Sylvi juga mengklaim bahwa hasil kegiatan dan anggaran yang dikeluarkan sudah diaudit auditor independen. Dia tidak mengatakan nama badan auditor tersebut namun menegaskan bahwa sudah terdaftar.

"Dari hasil kegiatan kita pada 2014 disini jelas bahwa sudah ada audior independen jadi saya sudah punya auditor independen akuntan publik terdaftar. Yang kegiatan ini semua adalah wajar. Laporan audit atas keuangan gerakan Pramuka kwartil daerah 2014 telah kami audit, dengan no laporan sekian," ujar calon wakil gubernur DKI Jakarta 2017 itu.

Tempuh Langkah Hukum
Sementara itu, politikus Partai Demokrat, Didik Mukrianto, mengancam Polri bila terjadi kriminalisasi Sylviana Murni, yang notabene calon Wakil Gubernur Jakarta, bersama Agus Harimurti.

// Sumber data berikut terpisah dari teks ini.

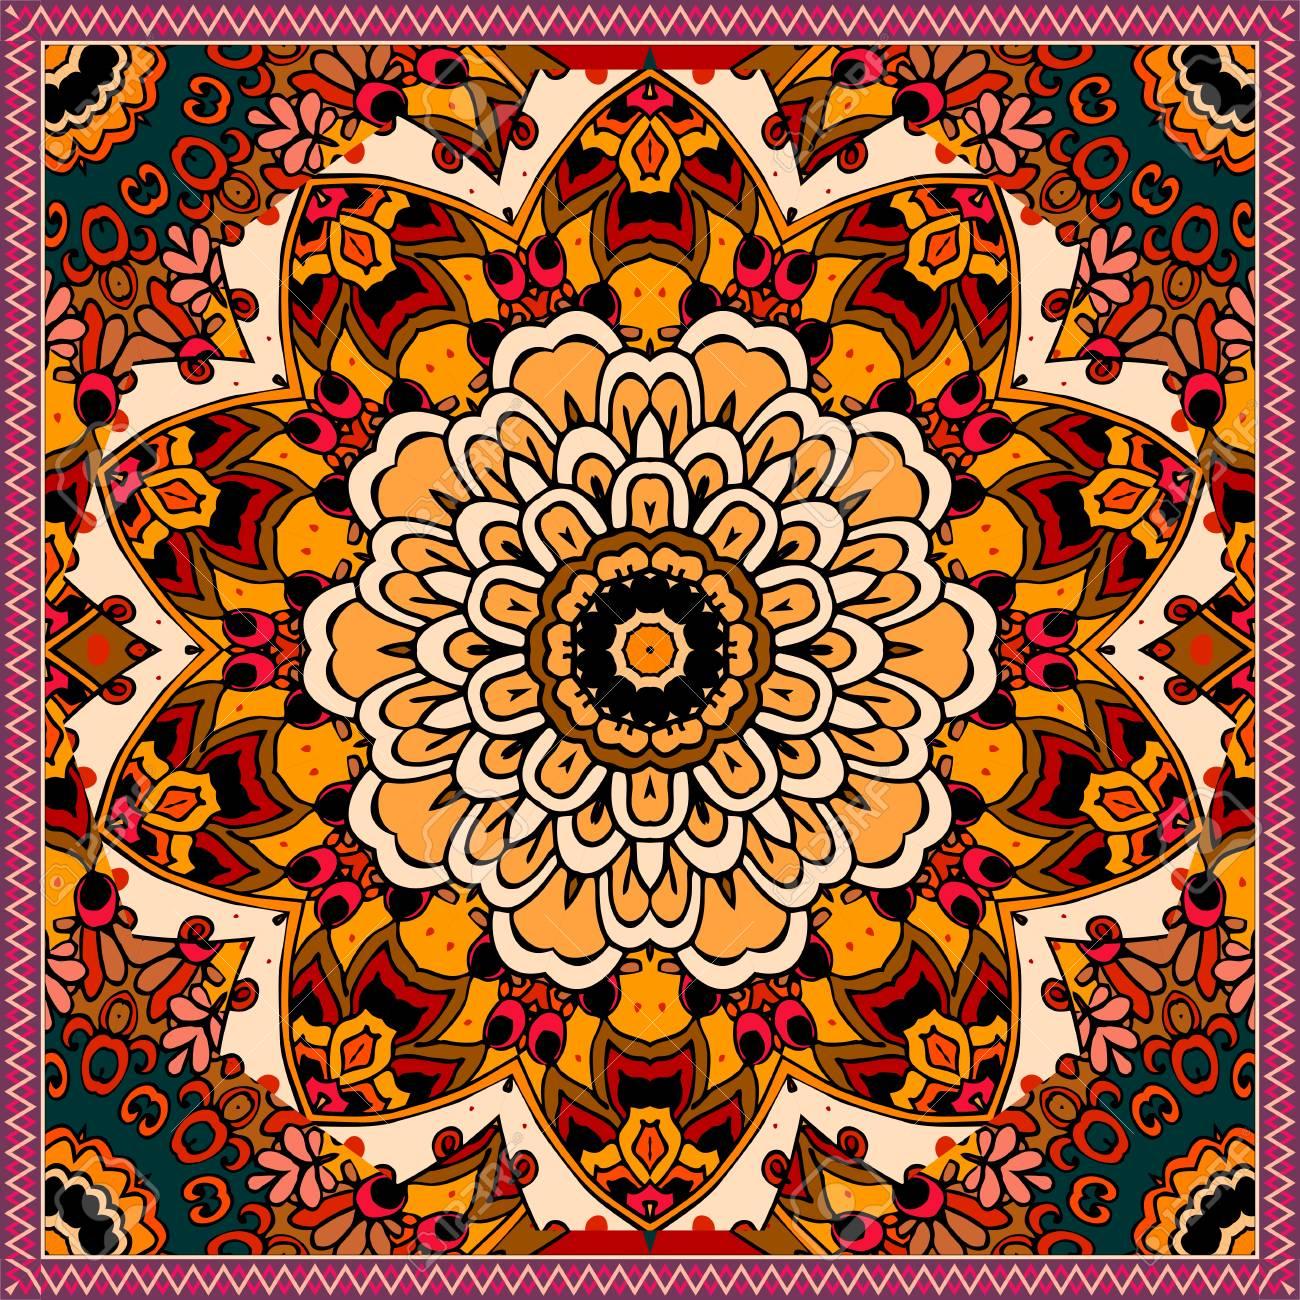 Alfombra étnica Cuadrada Con Mandala De Flores En Tonos Cálidos

Menurutnya, bila hal itu terjadi, maka Partai Demokrat tentu akan menempuh langkah hukum.
"Kita akan terus kawal pemeriksaan yang dilakukan Bareskrim. Kami berharap agar pemeriksaan berjalan adil dan transparan. Apabila di dalam prosesnya nanti kami nilai ada indikasi kriminalisasi, tentu kami akan menyikapinya dengan mengambil langkah-langkah termasuk langkah hukum yang diperlukan untuk menegakkan keadilan," ujarnya.

Ia juga meminta Polri untuk bersikap netral dalam kehidupan politik dan tidak melibatkan diri pada kegiatan politik praktis sesuai Pasal 28 UU 2/2002 tentang Kepolisian Negara Indonesia.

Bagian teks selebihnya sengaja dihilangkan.